■ TASK DETAILS ■
With every picture left out, give the data below back exactly.

■ DATA PROVIDED ■
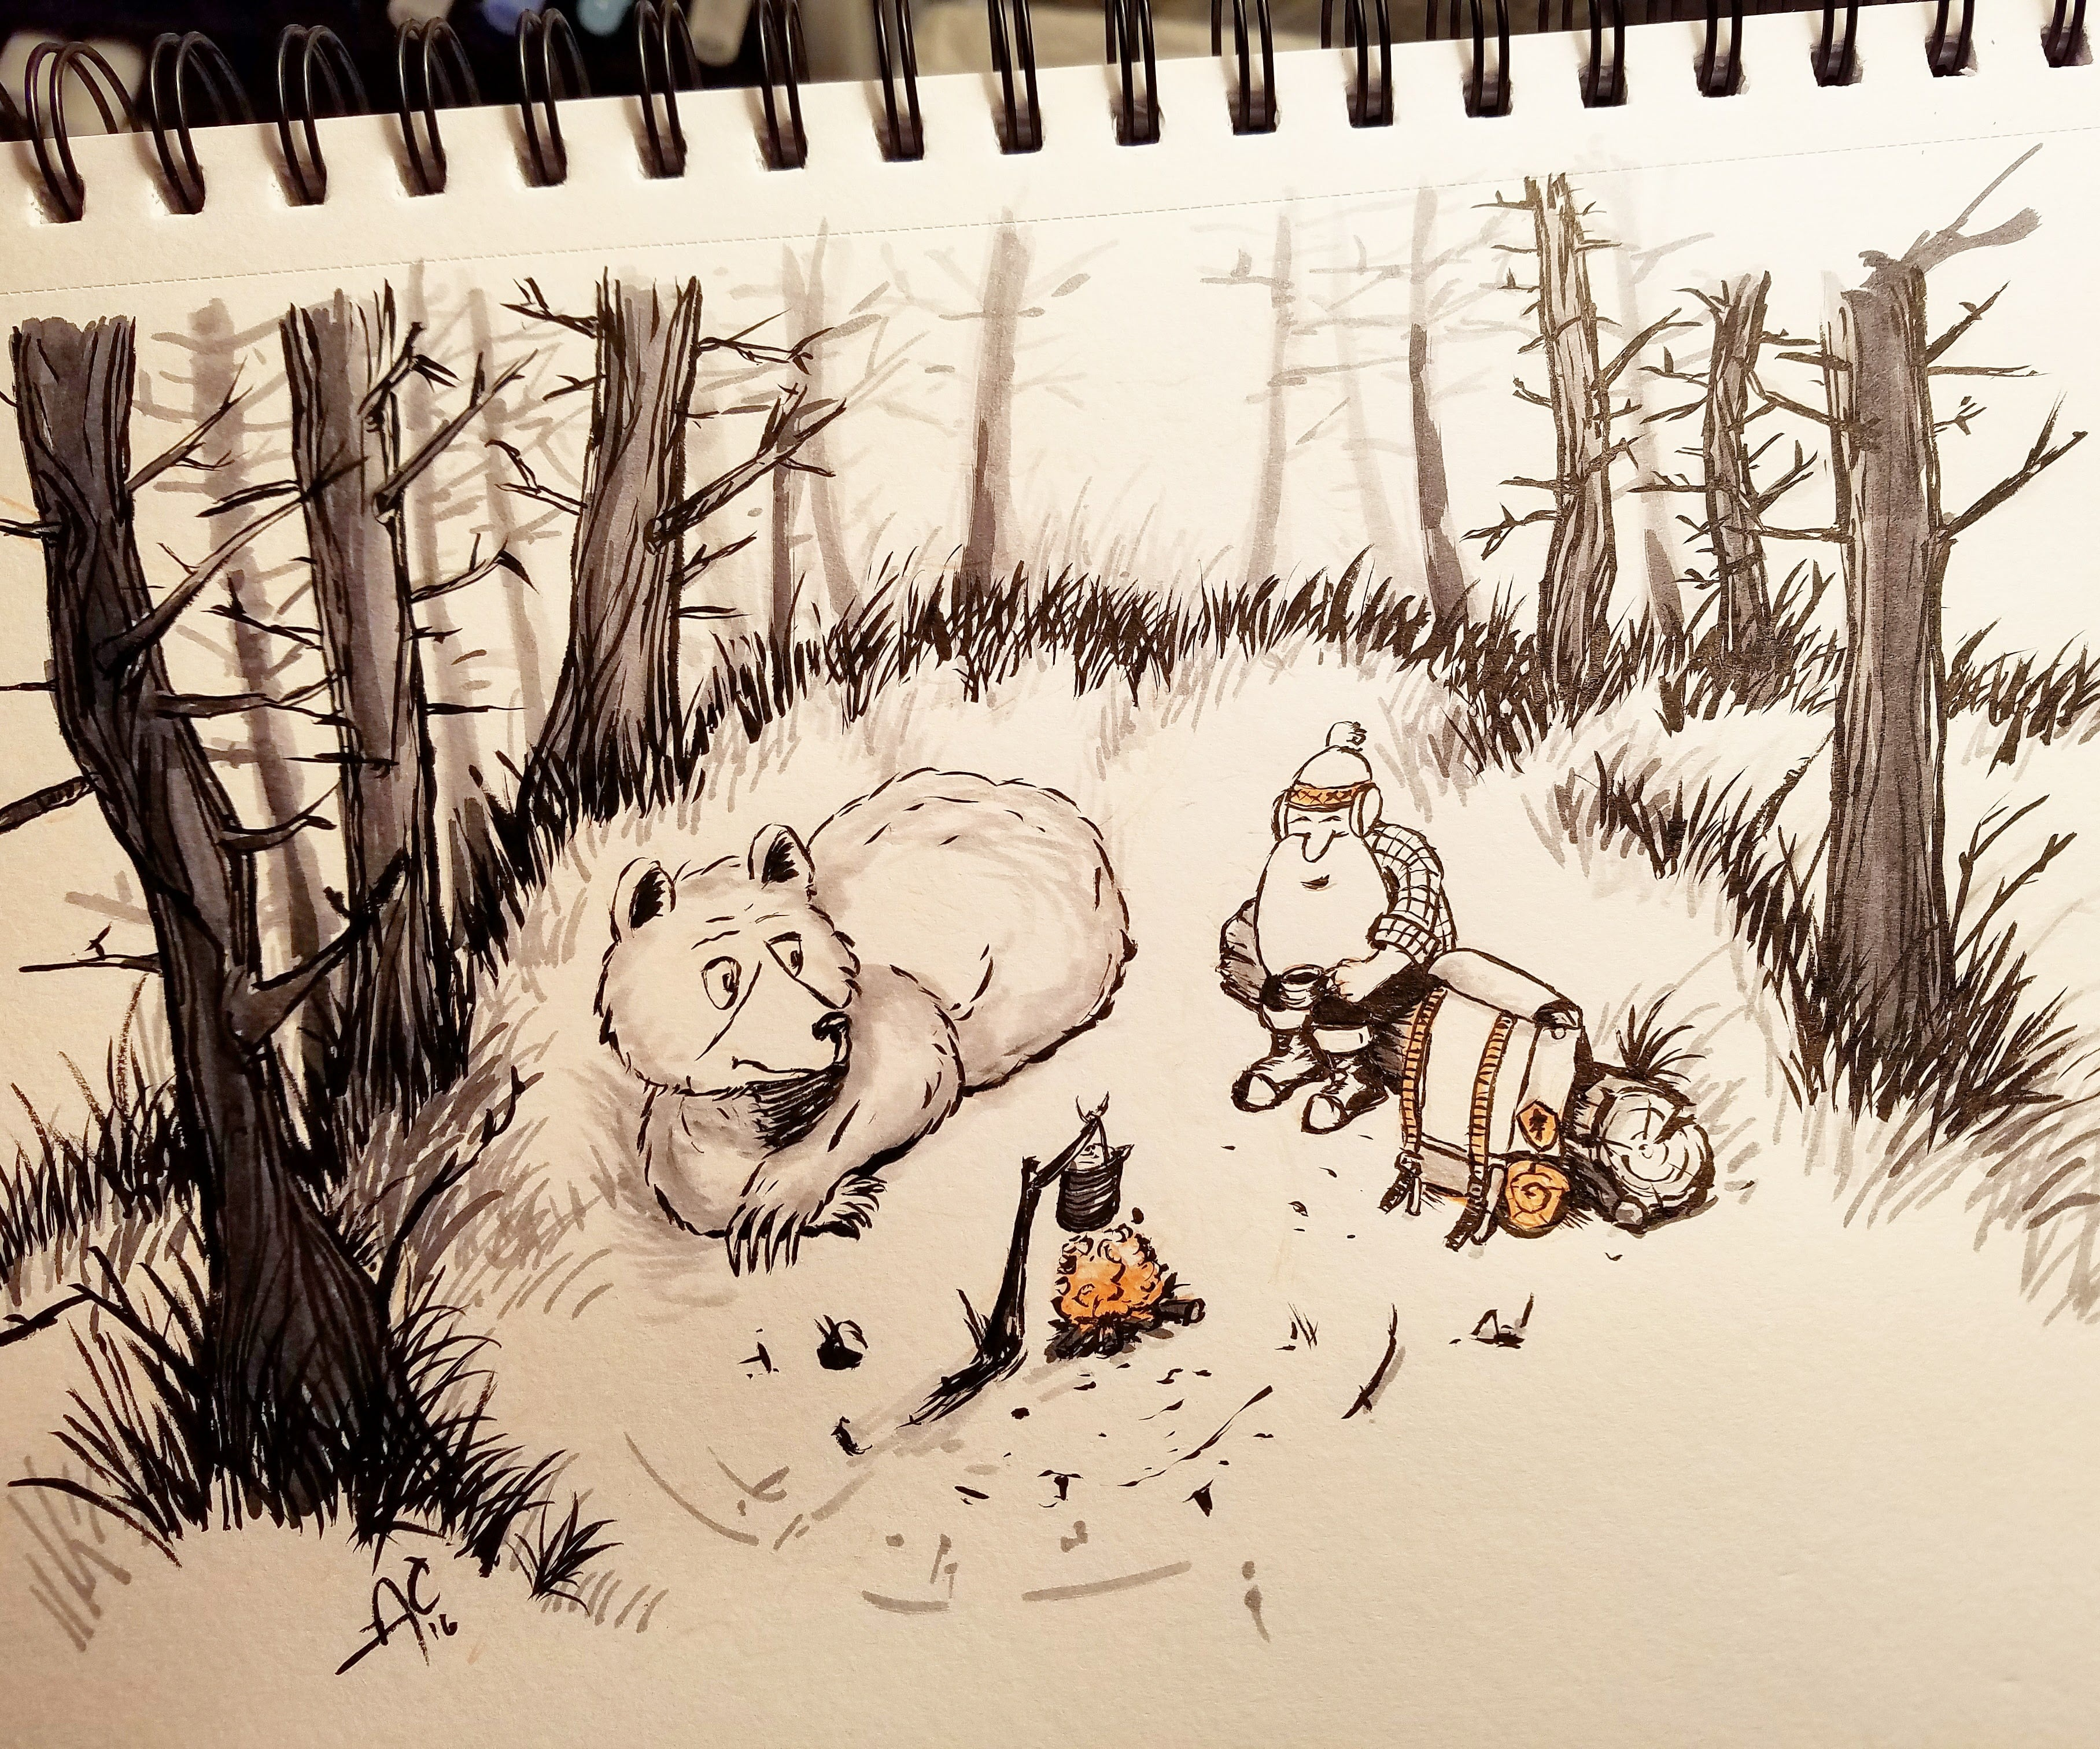 Bearcampfire
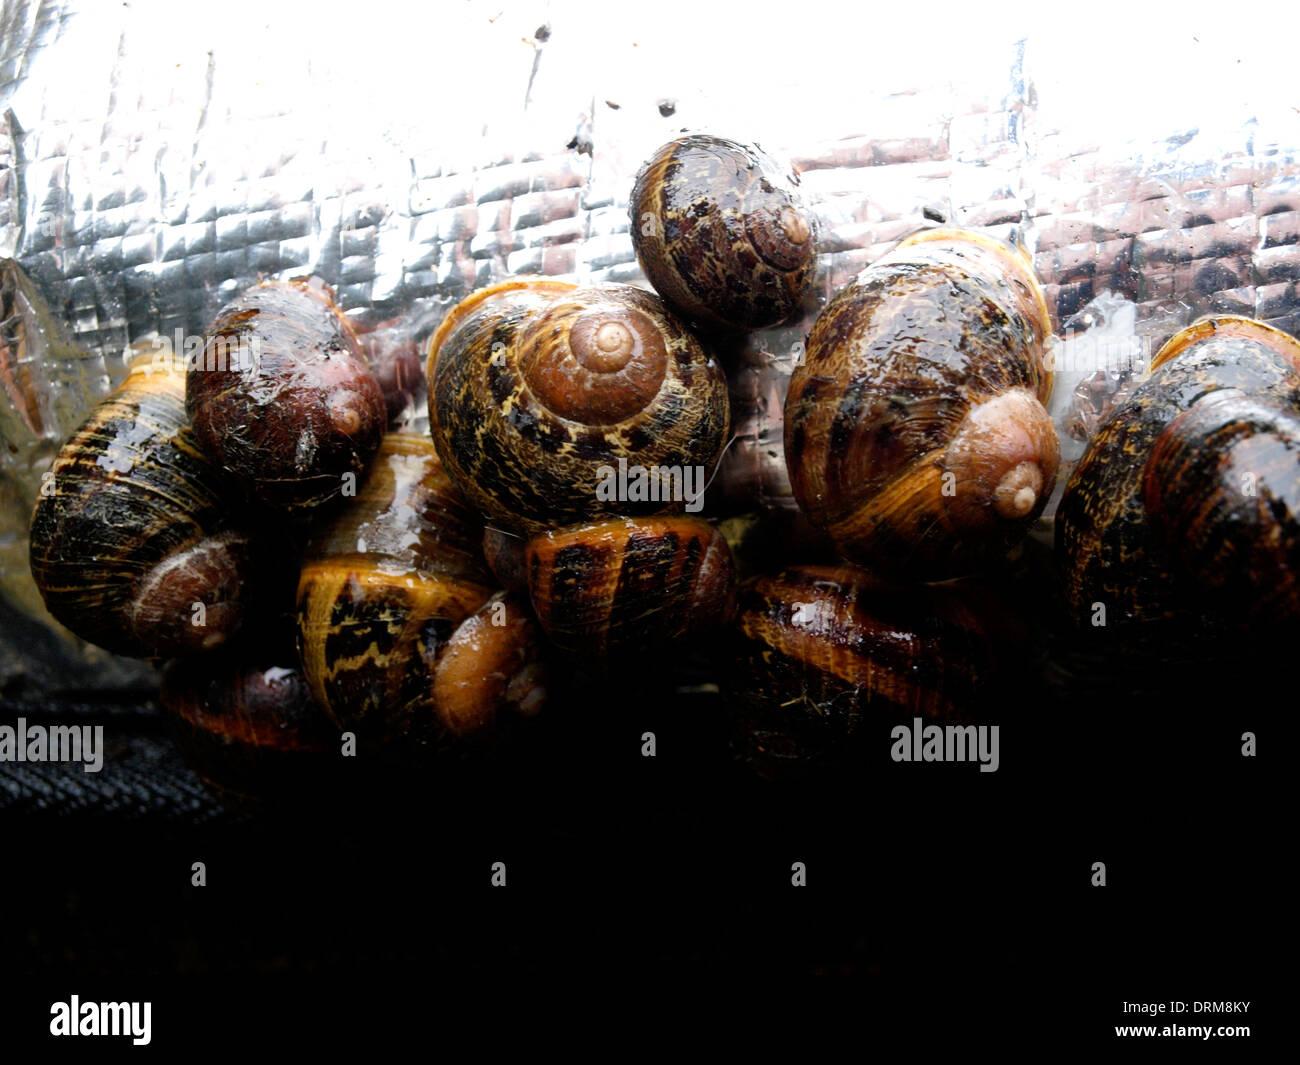 Garden snails hibernating during winter, UK - Stock Image
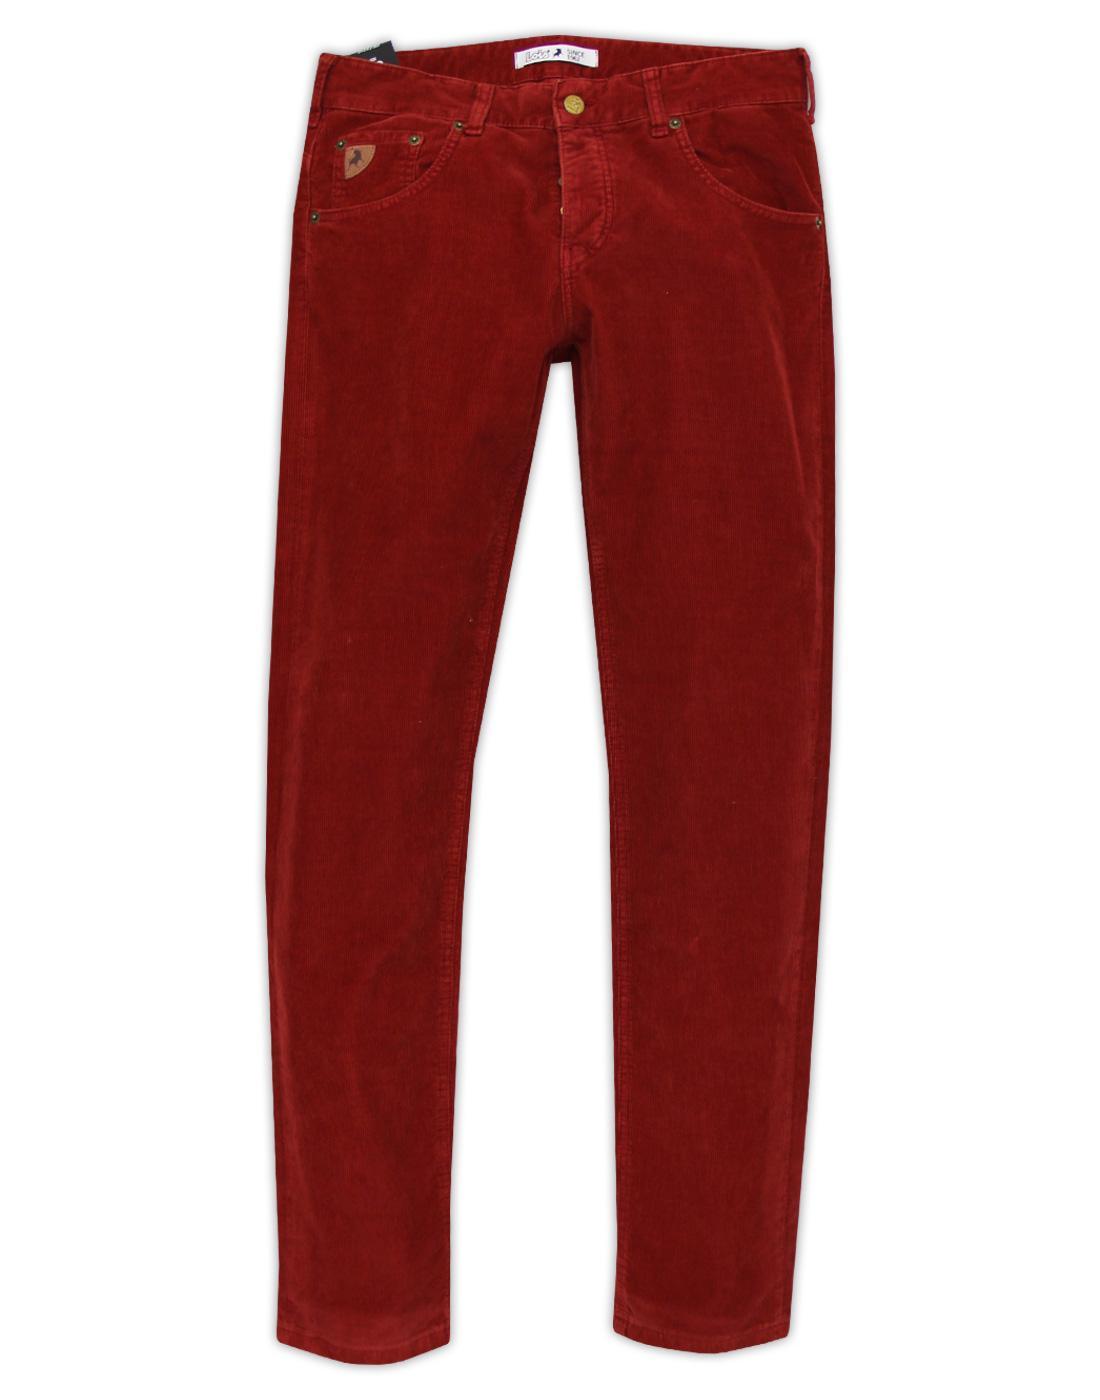 Sierra LOIS Mod Casuals Needle Cord Trousers (Bu)

■ EXERCISE OUTPUT ■
 Bearcampfire
 Garden snails hibernating during winter, UK - Stock Image
 Sierra LOIS Mod Casuals Needle Cord Trousers (Bu)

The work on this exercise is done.